_Exercise directions_
From the line containing "Dj Mariage mixte" to the line containing "ca003e2c8c8f9 Nike W" in the records below, set down every line exactly as it stands, both ends included, and skip the pictures.

_Provided data_
::::
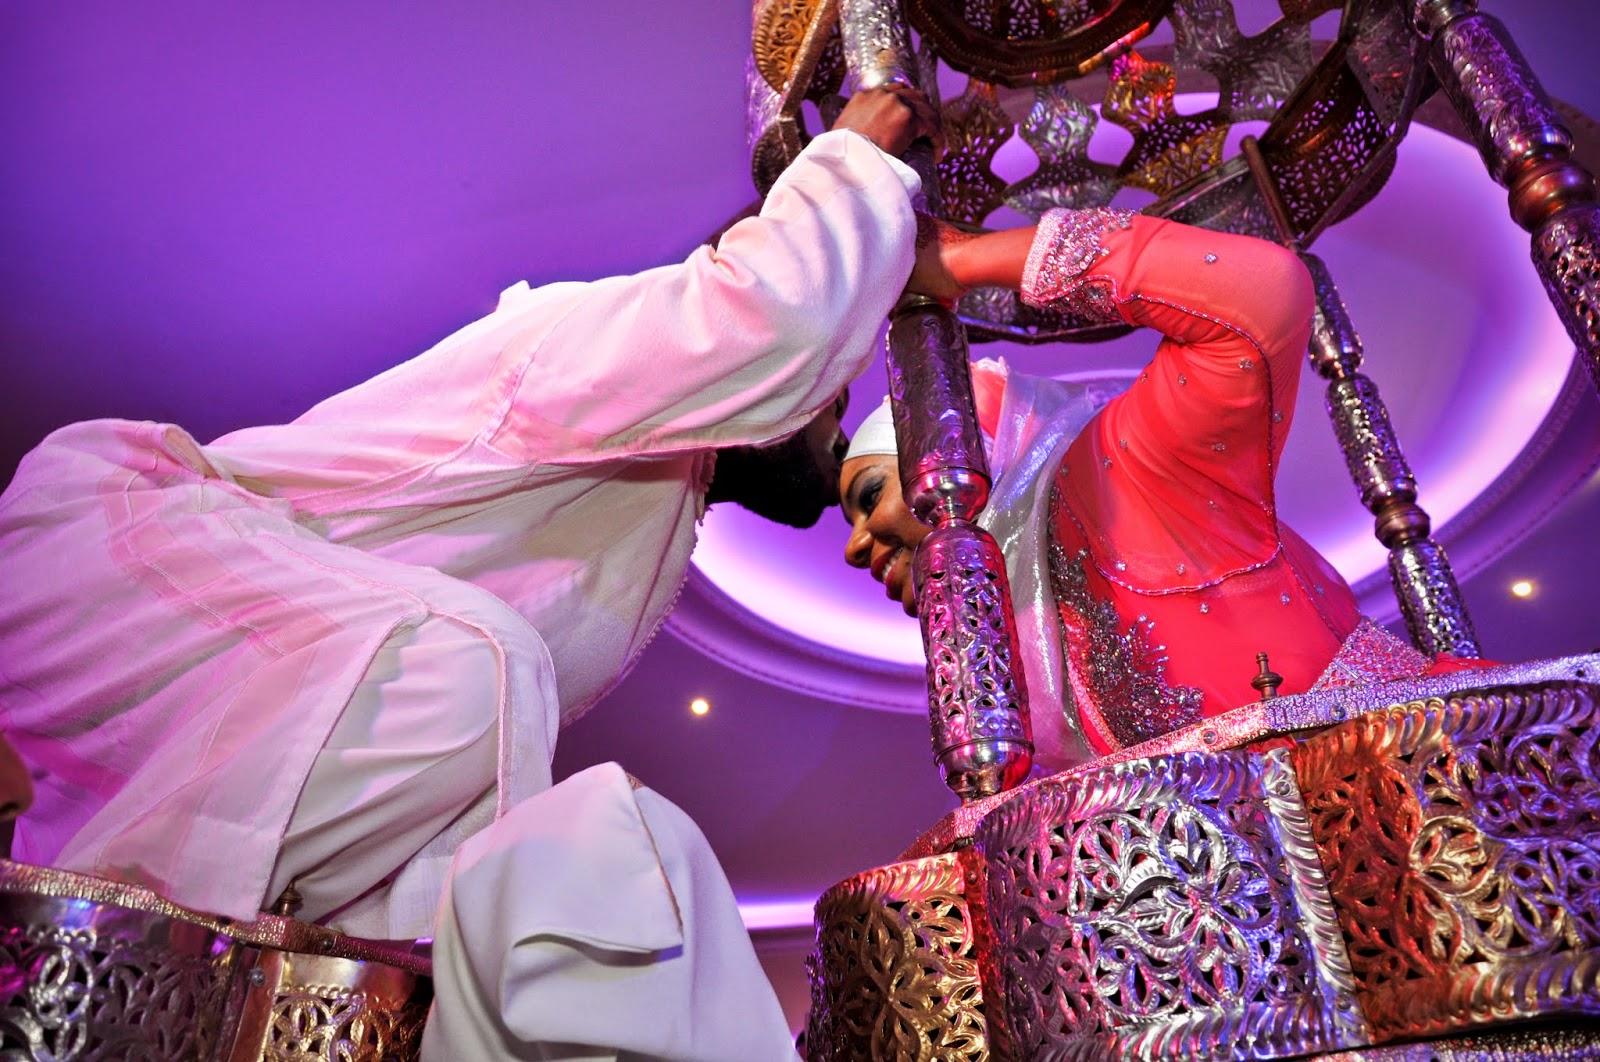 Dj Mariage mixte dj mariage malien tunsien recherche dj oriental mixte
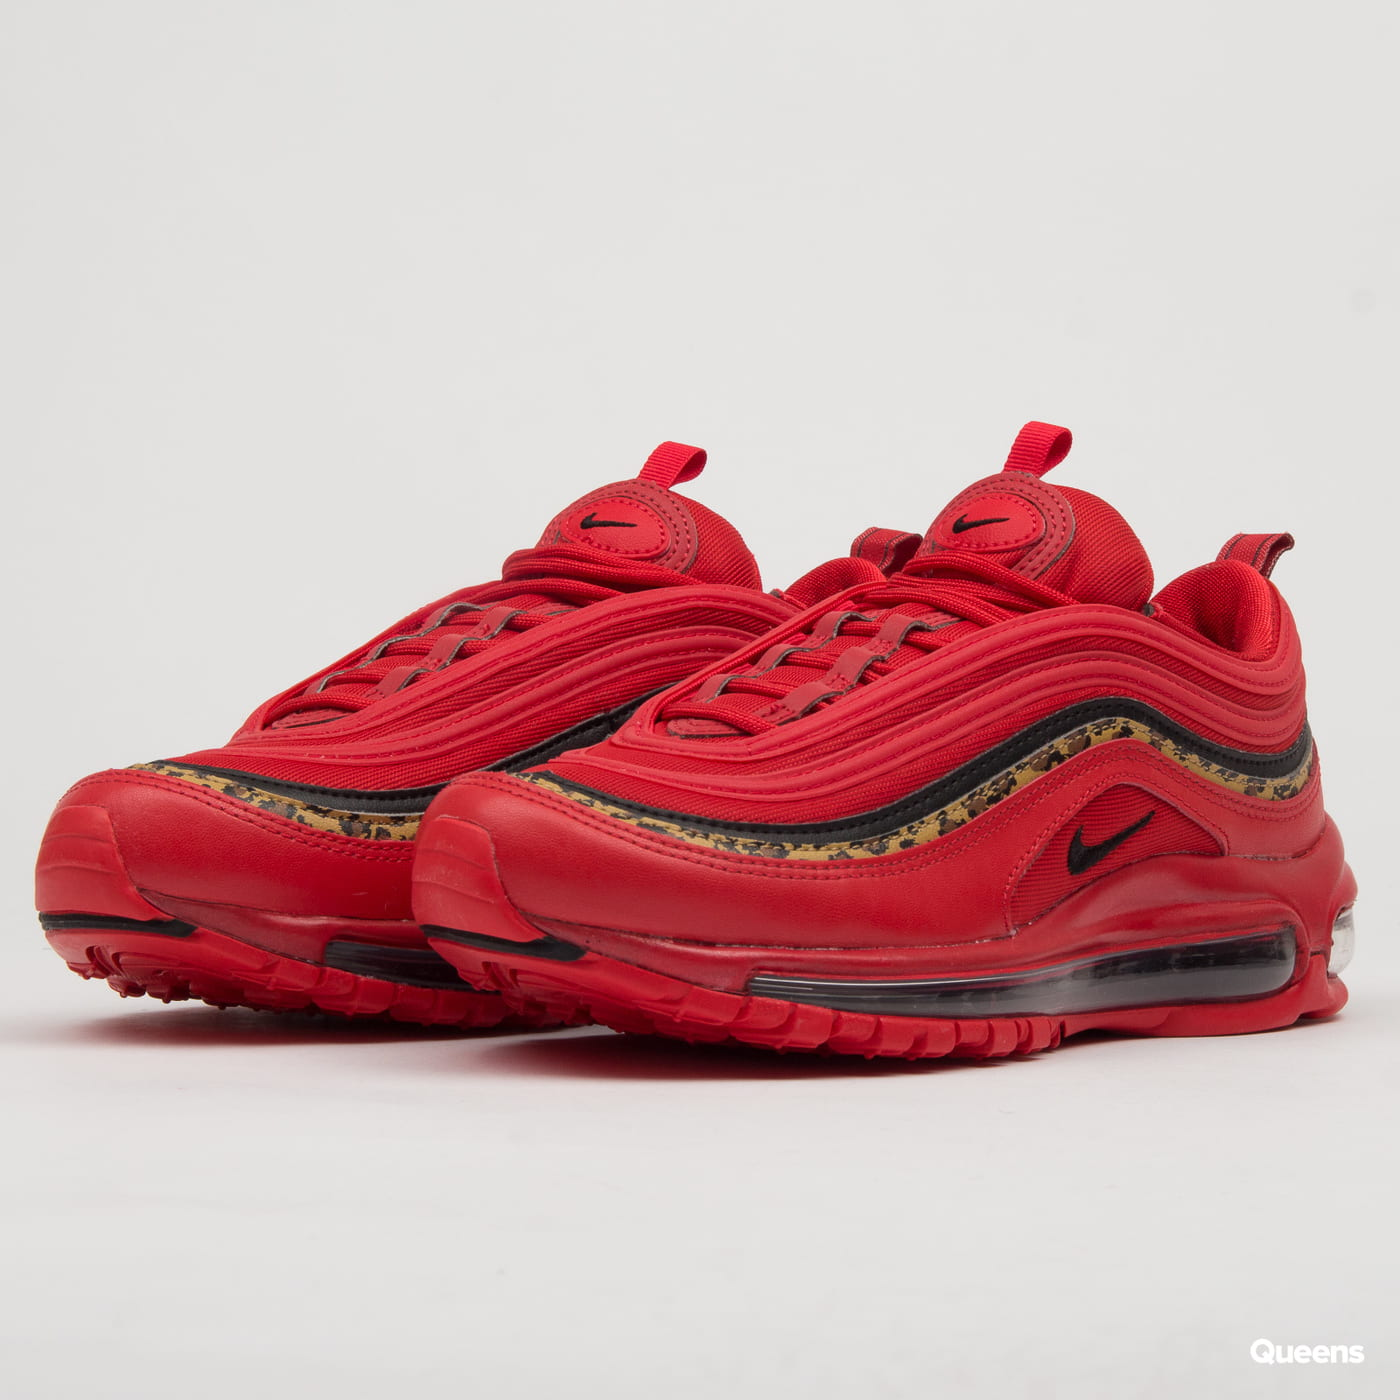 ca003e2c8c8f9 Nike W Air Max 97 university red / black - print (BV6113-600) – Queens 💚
::::
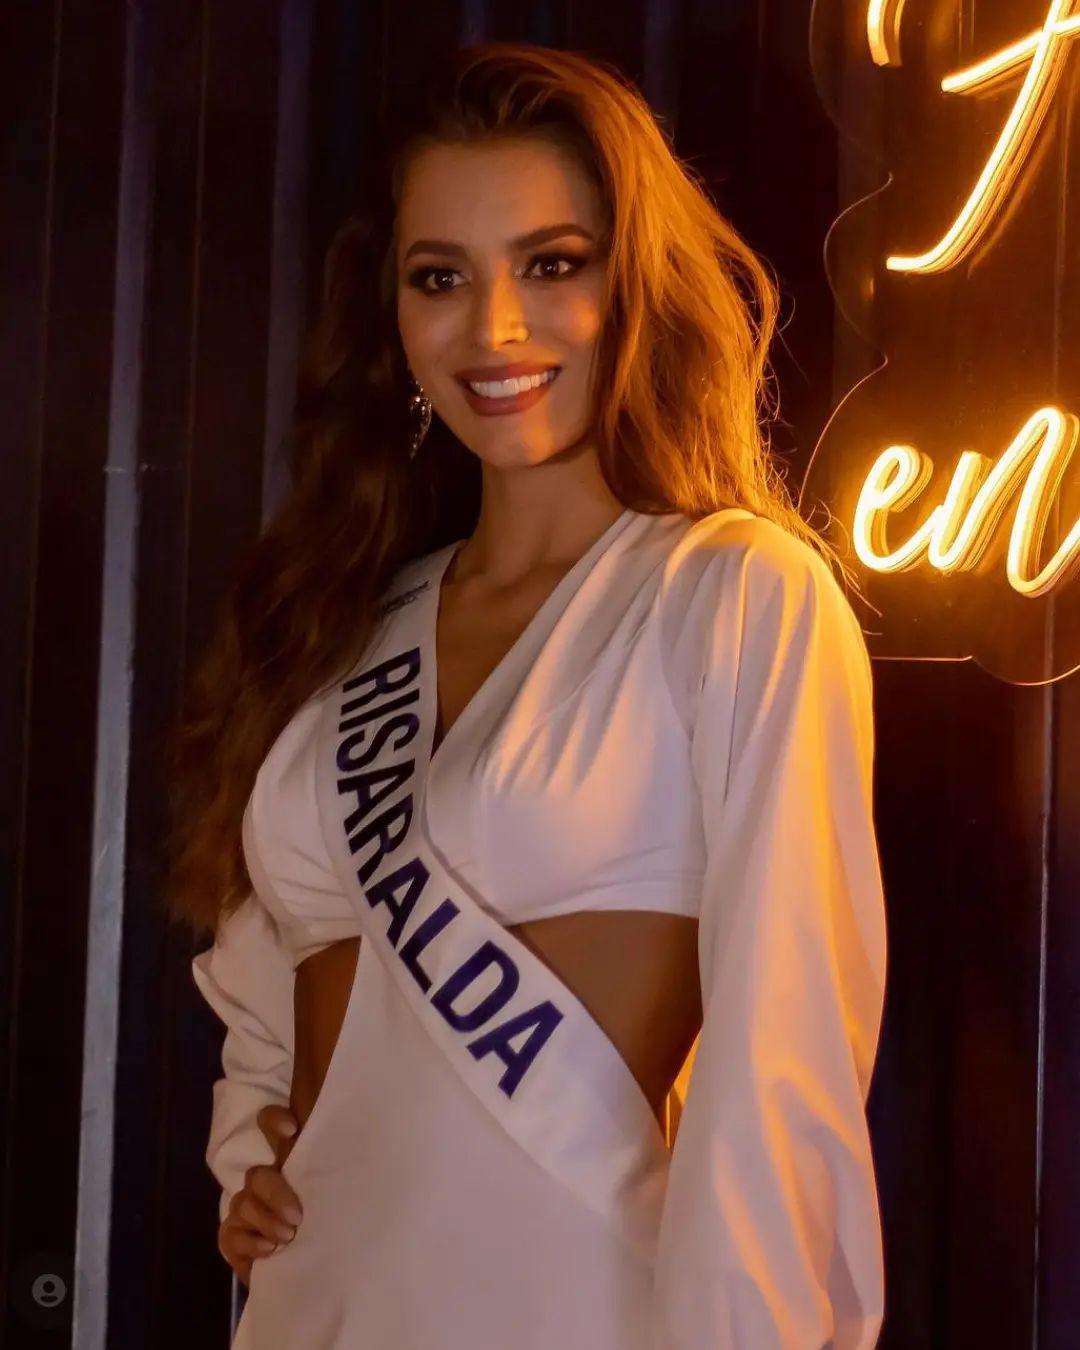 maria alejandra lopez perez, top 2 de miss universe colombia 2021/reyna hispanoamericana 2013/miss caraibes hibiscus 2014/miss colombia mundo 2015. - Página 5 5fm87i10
::::
_Task result_
 Dj Mariage mixte dj mariage malien tunsien recherche dj oriental mixte
 ca003e2c8c8f9 Nike W Air Max 97 university red / black - print (BV6113-600) – Queens 💚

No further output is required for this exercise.